Qatar under the wise leadership of Amir H H Sheikh Tamim bin Hamad Al Thani is continuing its march towards achieving goals of diversification of economy unabated and different measures including necessary pieces of legislations introduced by the government in the recent past will definitely boost foreign investments in the country.
Free economic zones, new property ownership rights for expatriates, relaxing rules for investment of non-Qatari capital in country’s economy, development of region’s most-advanced Hamad Port and many such measures have already started attracting foreign investors.
The Cabinet in its meeting held last week took the necessary measures to issue a draft law regulating the non-Qatari capital in the economic activity, after it reviewed the recommendation of the Advisory Council.

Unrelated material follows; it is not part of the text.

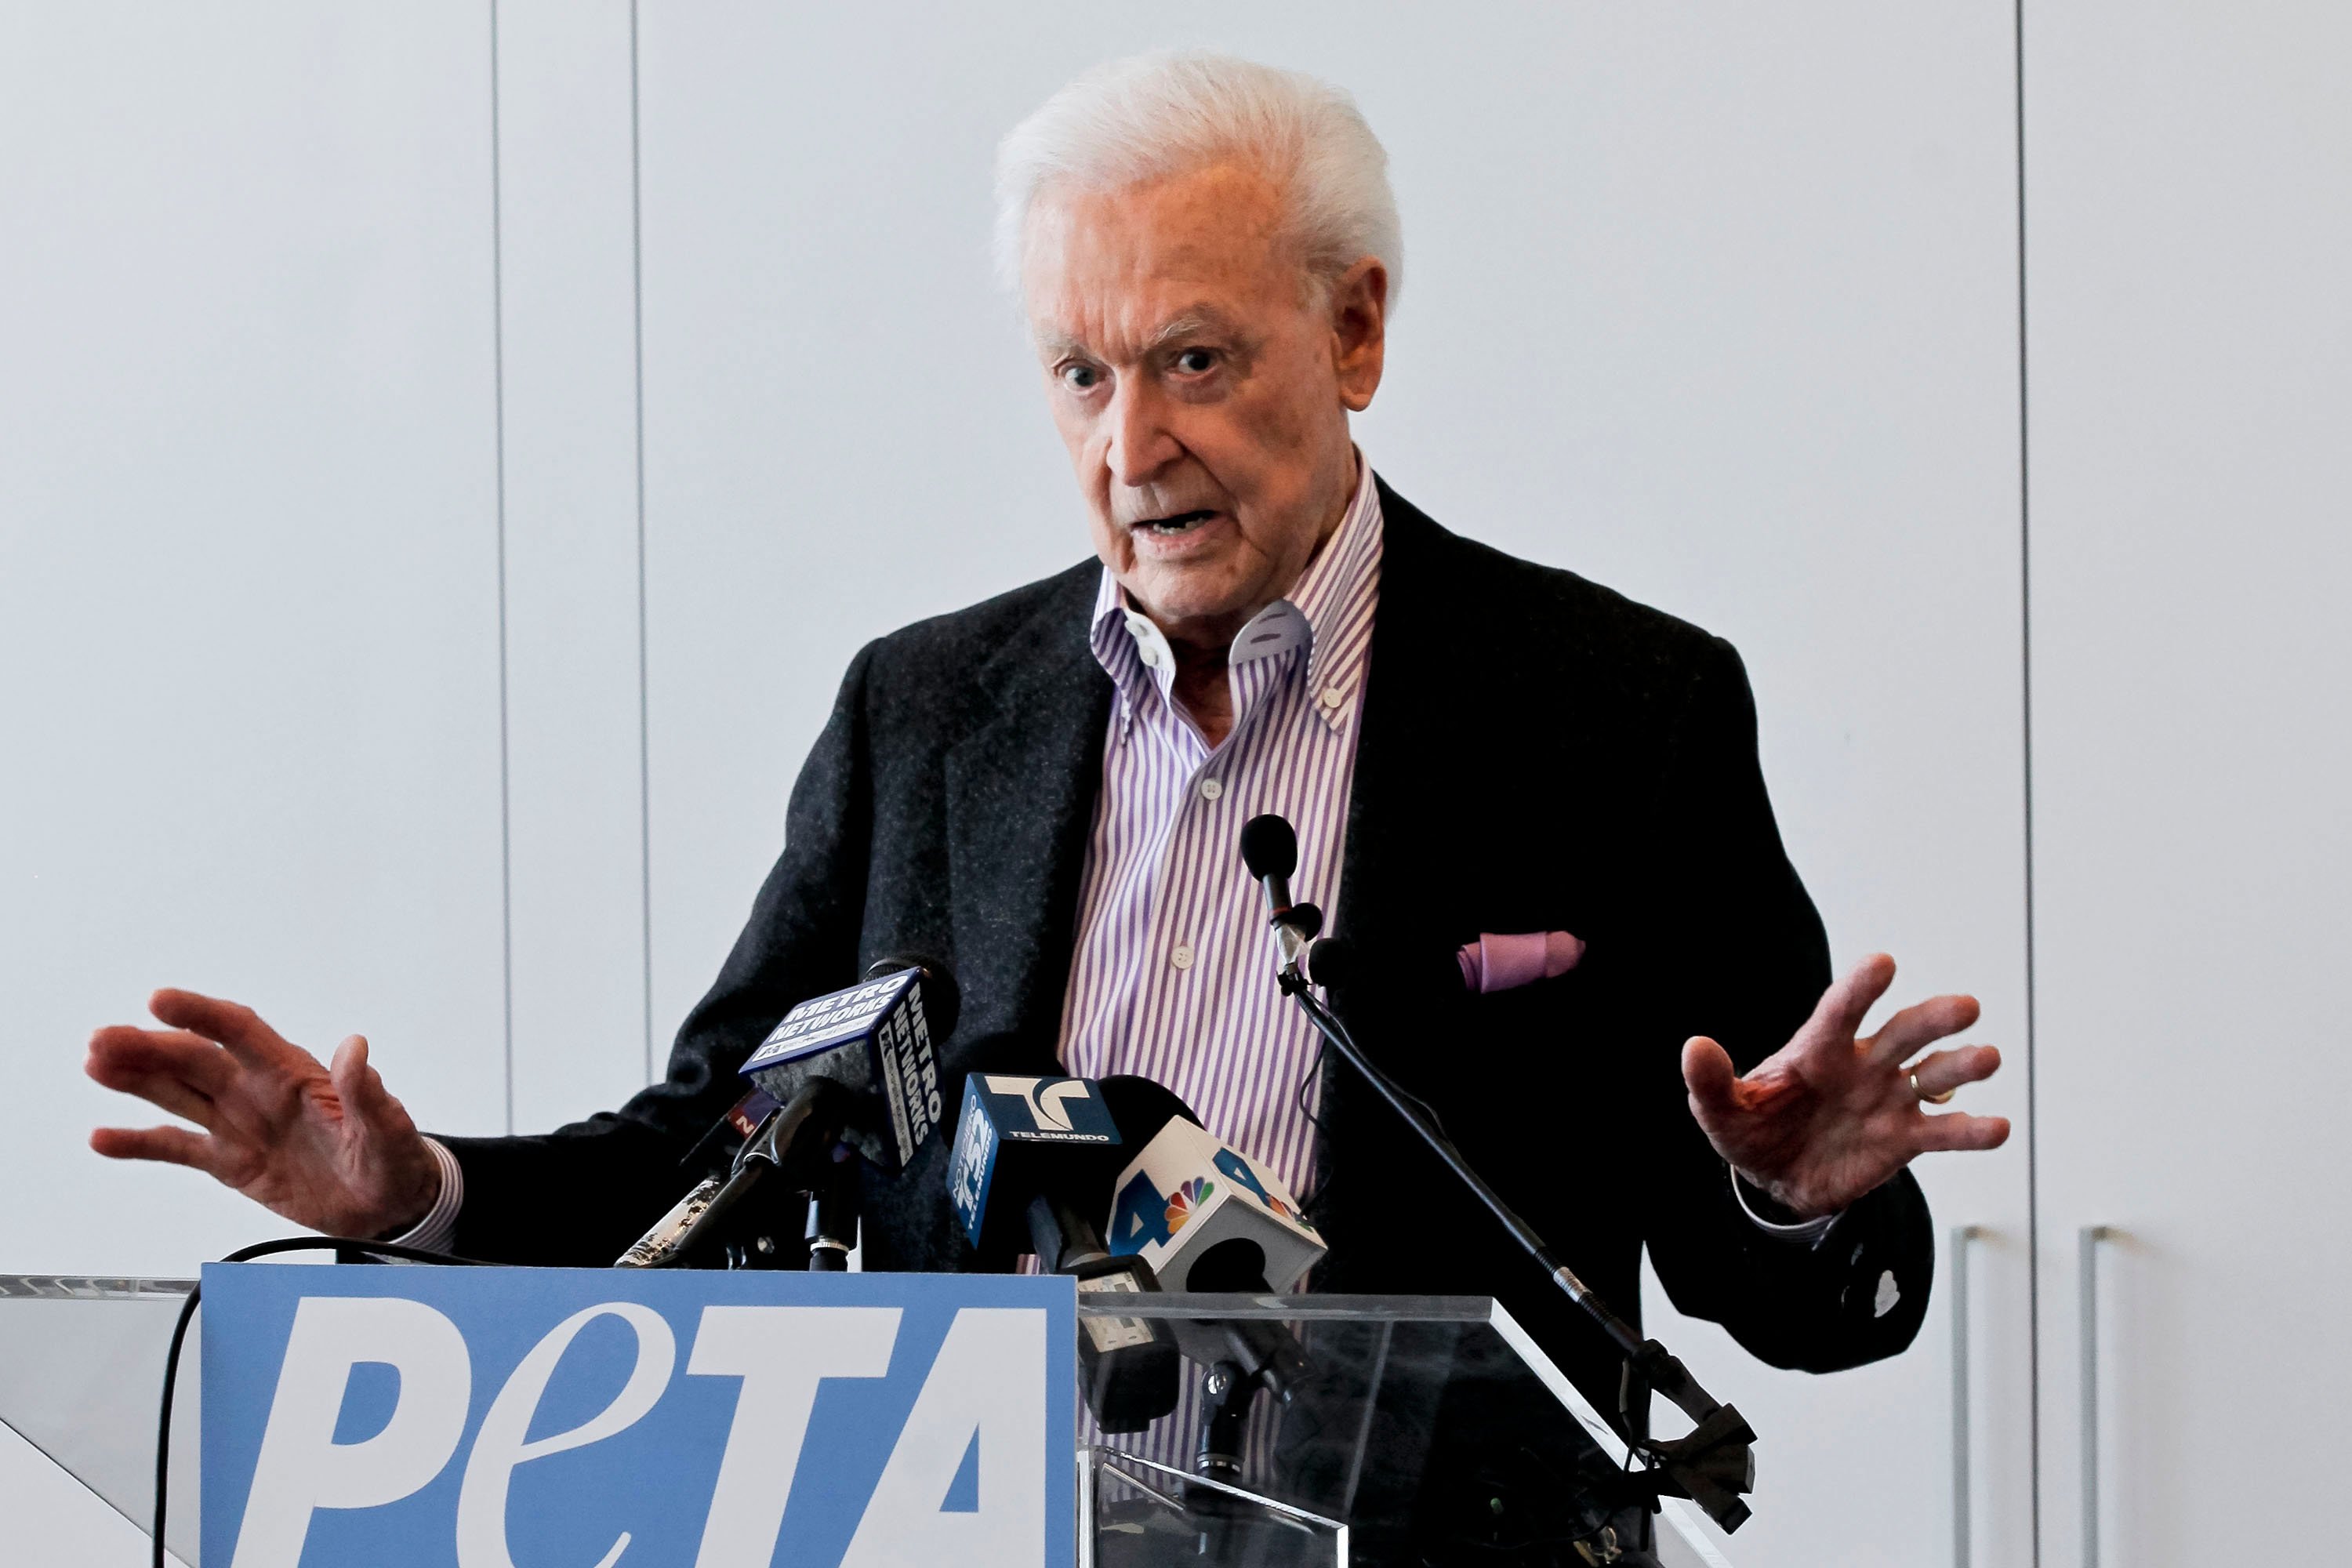 Bob Barker at press conference to reform 'No Animals Harmed' movie label at The Bob Barker Building on September 13, 2012 in Los Angeles, California | Source: Getty Images

The draft law was prepared to replace Law No. (13) of 2000 regulating the investment of non-Qatari capital in economic activity. Under the provisions of the draft law, non-Qatari investors may invest in all economic sectors up to (100 percent) of the capital, and they may own no more than (49 percent) of the share capital of Qatari listed companies on Qatar Exchange, after the approval of the Ministry of Economy and Commerce on the percentage proposed in the Company’s memorandum of association and articles of association.
Meanwhile, few days ago Qatar has been ranked fifth in economic performance, according to the World Competitiveness Yearbook 2018. The International Institute for Management Development’s yearbook also rated Qatar at position 10 globally for government efficiency, 13 for business efficiency and maintained its ranking at 38 for infrastructure. According to the yearbook, Qatar ranked 14 out of 63 mostly high-income countries, which confirms Qatar’s strong performance across various fields.
Apart from taking measures regarding issuance of draft law pertaining to non-Qatari capital’s investment in economic activities of the country, the Cabinet in April this year also gave nod to a draft law on the regulation of ownership and usage of properties by non-Qataris in the country and the matter was referred to the Advisory Council. Under the terms of the draft law, non-Qataris may own and use properties in Qatar “in accordance with conditions specified by a decision of the Cabinet and based on suggestions of the commission for regulating non-Qatari ownership and use of real estate”. Provisions of the draft law will apply to “land space, buildings and residential units, as well as detachment units in residential complexes.”
By introducing new laws meant to facilitate and protect foreign investors and creating an investment friendly eco-system, Qatar will achieve economic diversification goals sooner rather than later.